3. August 2016 • Pressefreiheit • von

Die Pressefreiheit in der Türkei stand schon vor dem Putschversuch unter enormem Druck – seitdem geht die türkische Regierung noch massiver gegen Journalisten und Medien vor.

turkey-1532316_1920Noch eine Woche vor dem Putschversuch hatten türkische Journalisten zur Verteidigung der Pressefreiheit die Kampagne „Ich bin ein Journalist! Journalismus ist kein Verbrechen!“ ins Leben gerufen. In den beteiligten Zeitungen und Online-Nachrichtenportalen erschienen Banner mit der Aufschrift „Schon gewusst? Journalismus ist kein Verbrechen“ mit einer Stellungnahme zur Lage der Pressefreiheit in der Türkei. Nur ein paar Wochen danach erscheinen viele dieser Medien nicht mehr, da Erdogan sie nach dem gescheiterten Putsch schließen ließ, darunter die Zeitungen Yarına Bakış, Özgür Düşünce, Meydan und Taraf, die Nachrichtenwebsite Haberdar und die prokurdische Nachrichtenagentur DIHA.
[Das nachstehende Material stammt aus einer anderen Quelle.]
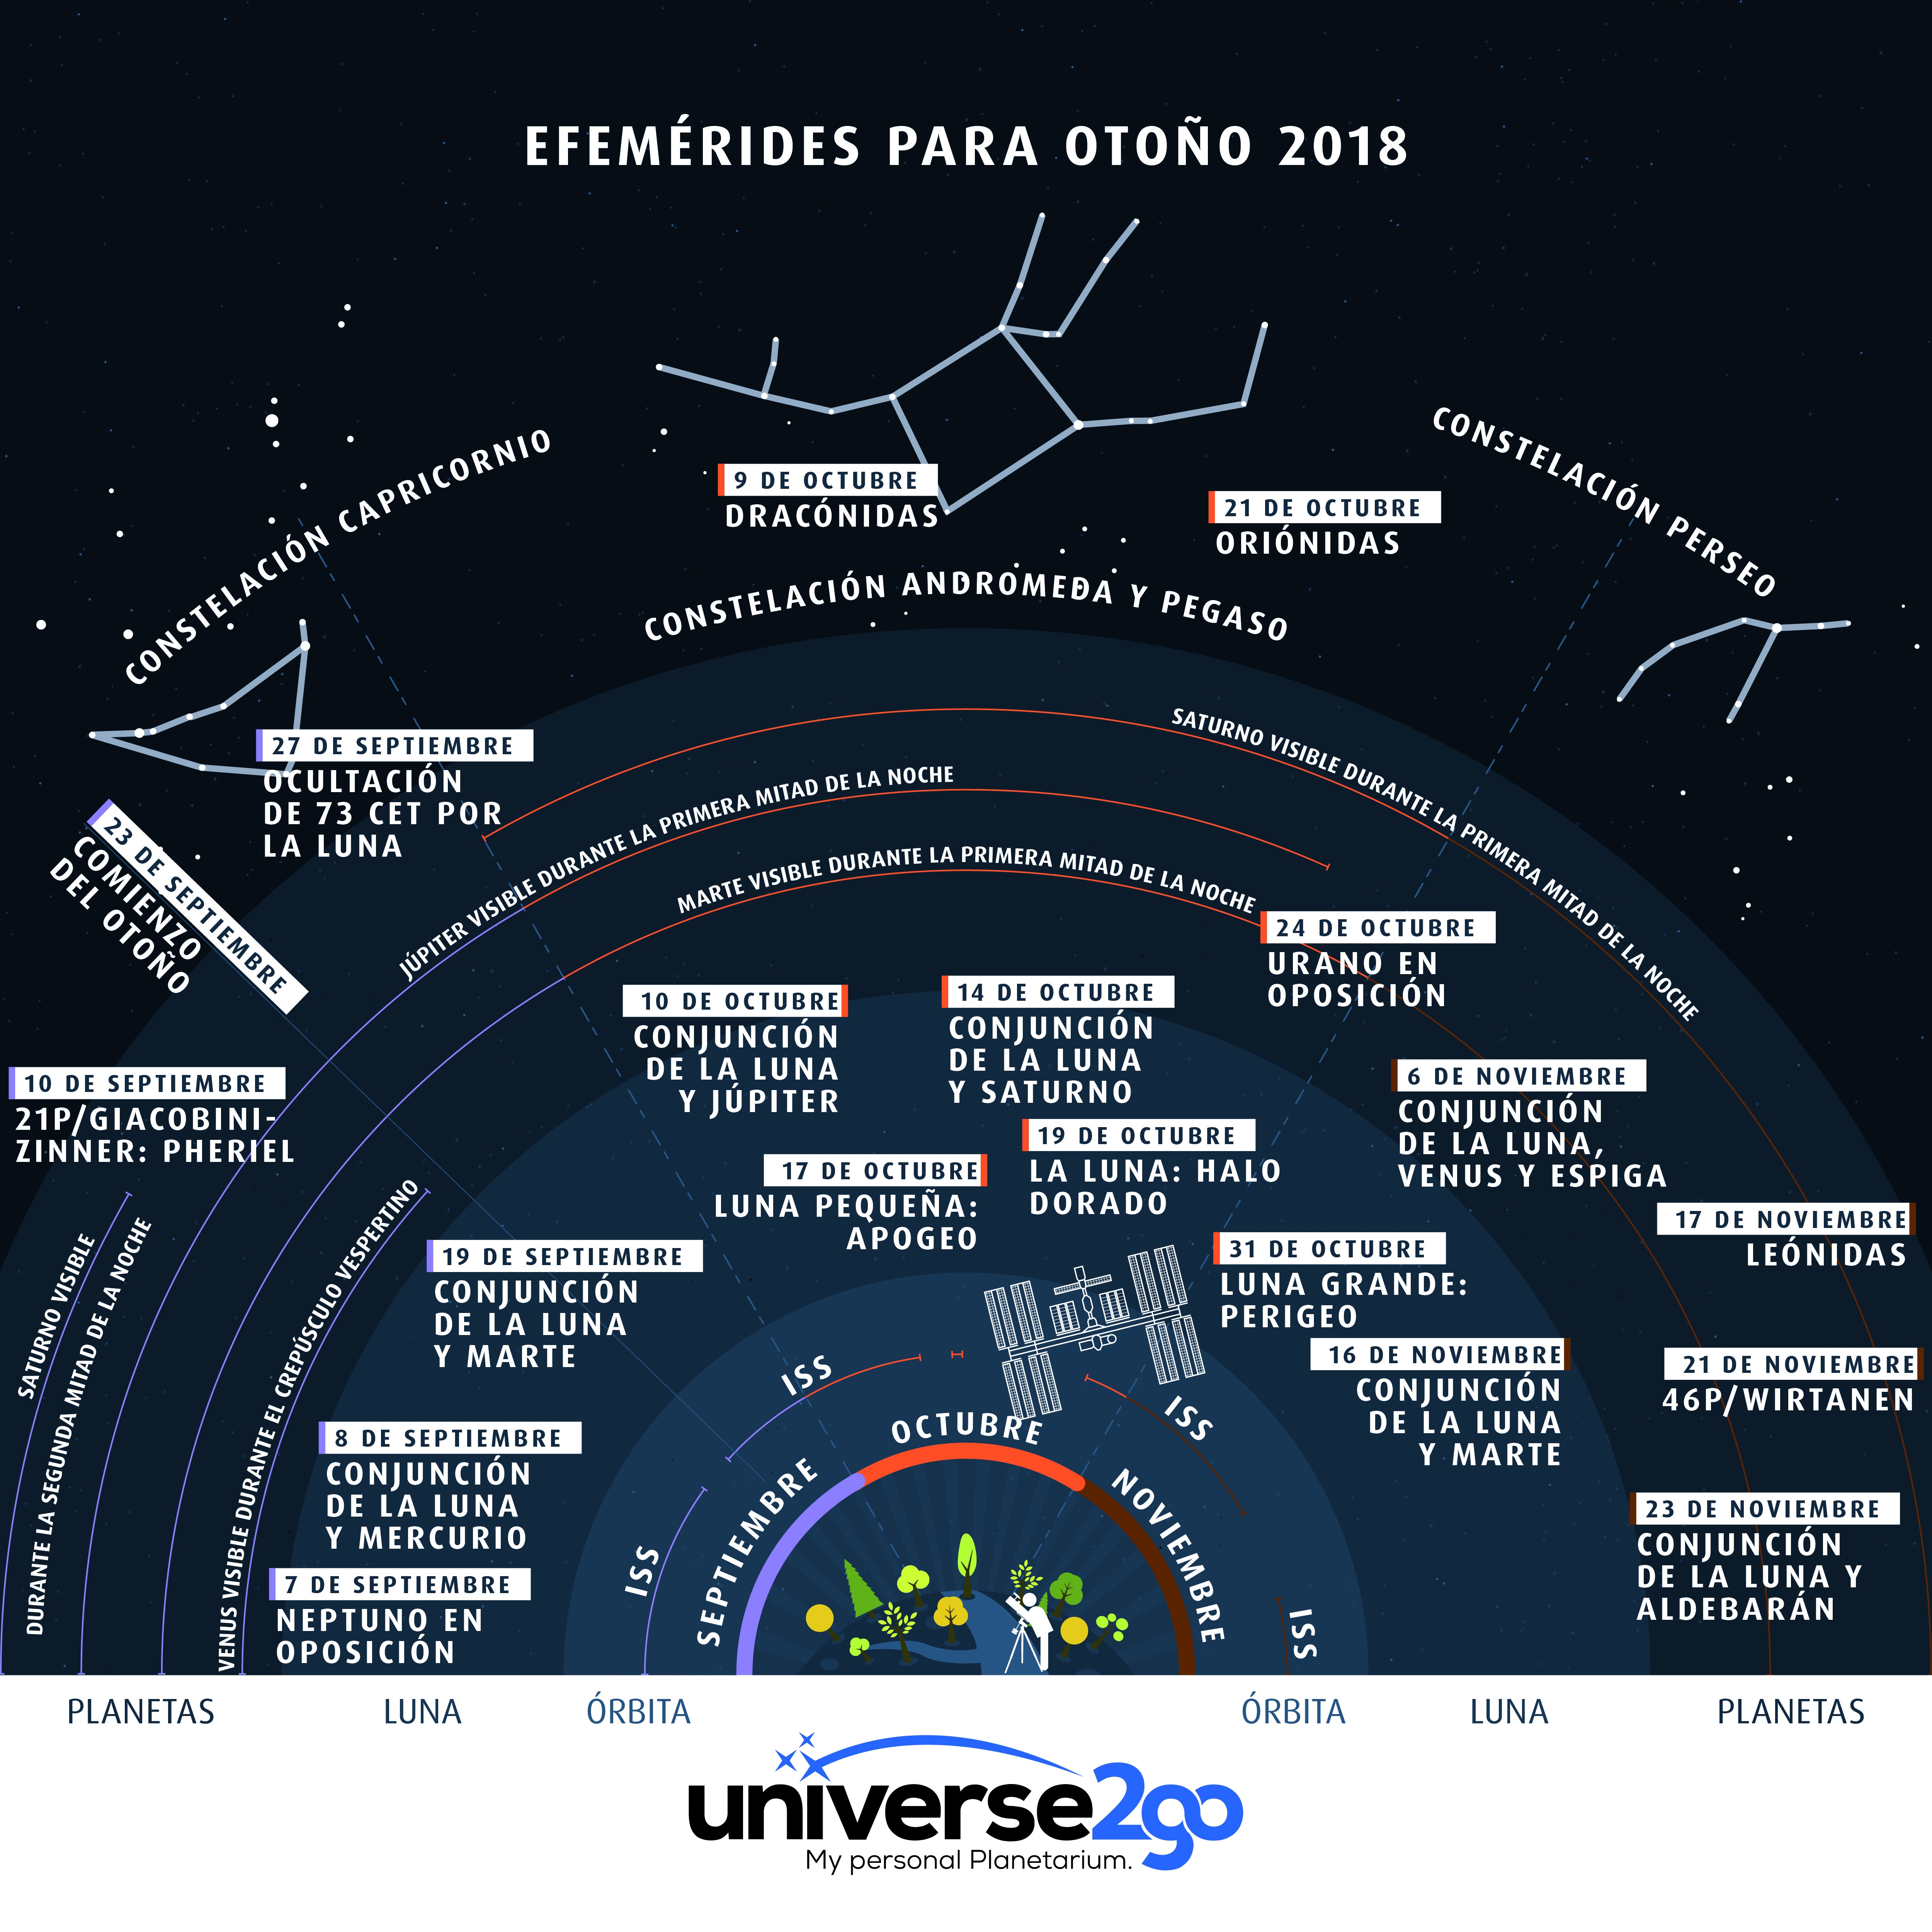 El calendario astronómico para los próximos tres meses: nuestra más reciente infografía-Efemérides-en-las noches de otoño-2018
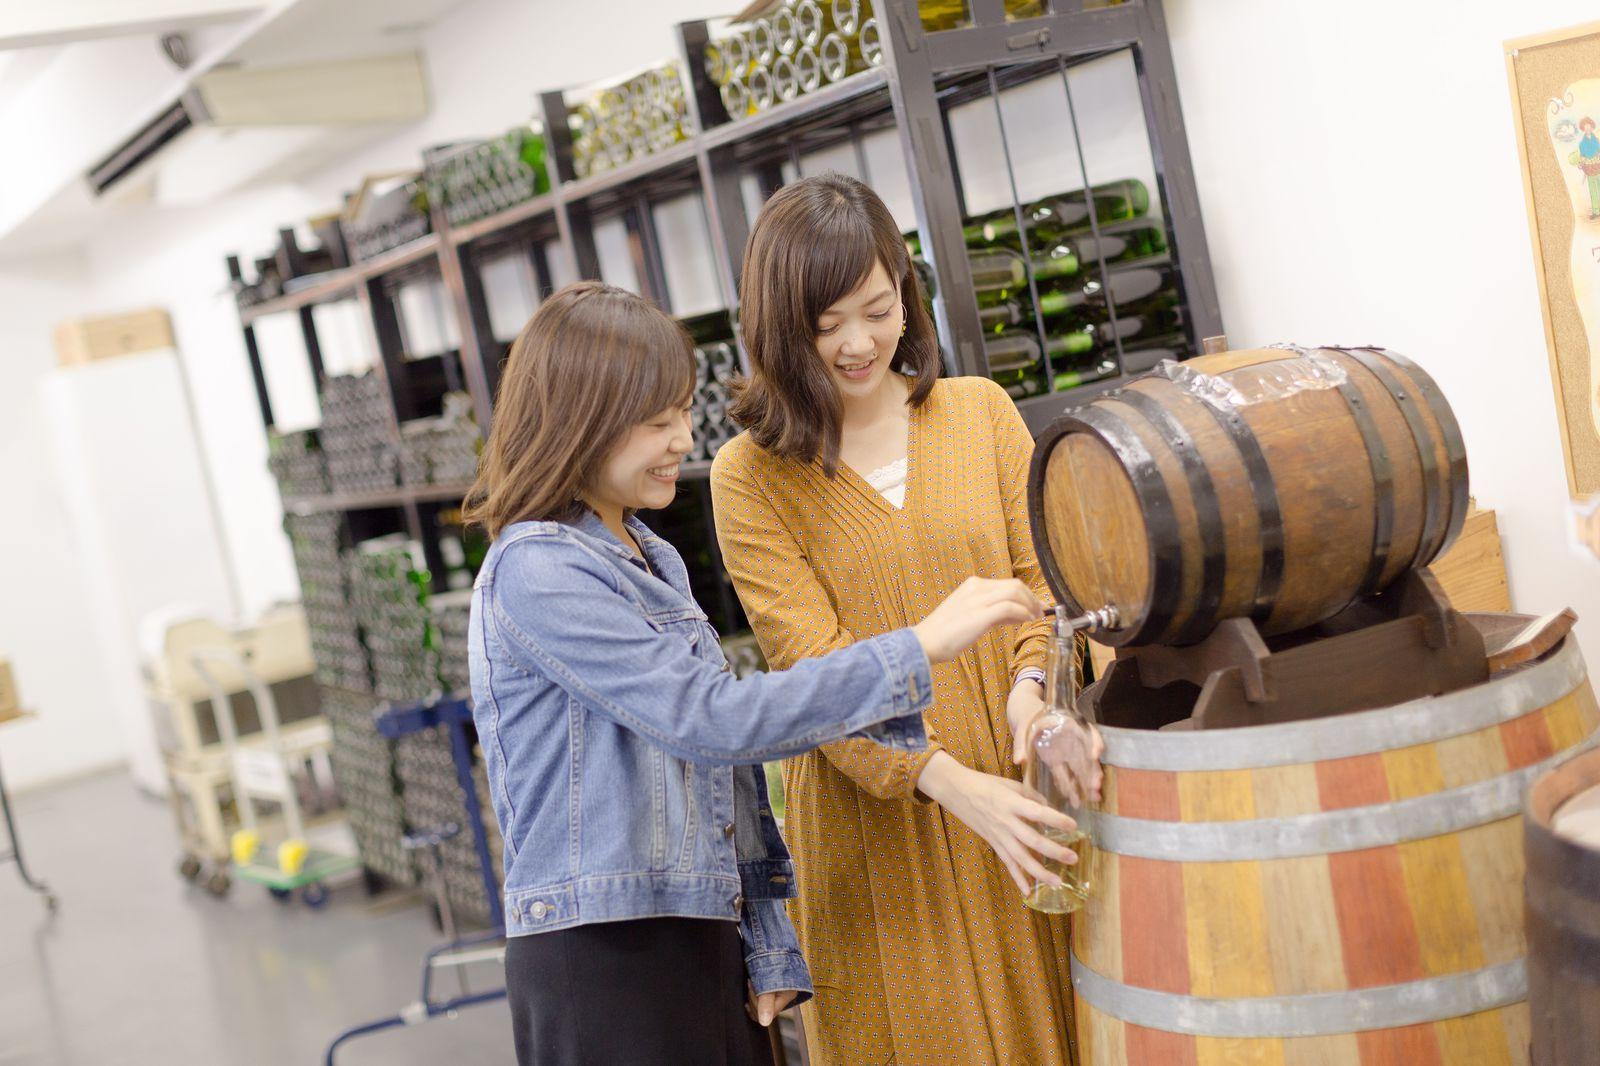 こちらでできる体験プログラムの一つが、生ワインのボトル詰め&オリジナルラベル作り。樽からボトルに入れたワインにコルク栓を打ったら、専用の機械でキャップシールをしてもらい、手書きのラベルを貼りつけます。

In der Nacht des 15. Juli entschied sich ein Großteil der türkischen Medien dazu, sich gegen das Militär und damit auf die Seite der Regierung zu stellen. Fernsehkanäle widersetzten sich den Anweisungen des Militärs und setzten ihre Berichterstattung fort. So erhielten Erdogan und andere Angehörige der Regierungspartei AKP eine Plattform, so konnte Erdogan durch einen Facetime-Anruf bei einer CNN Türkei-Moderatorin die Bevölkerung zum Widerstand auf der Straße aufrufen. Währenddessen wurde der Zugang zu sozialen Medien wie Twitter gesperrt, kurze Zeit später aber wieder freigegeben, damit Präsident Erdogan auch dort seine Botschaft verbreiten konnte, wie der türkische Wissenschaftler Efe Kerem Sozeri in der Online-Zeitung The Daily Dot schreibt.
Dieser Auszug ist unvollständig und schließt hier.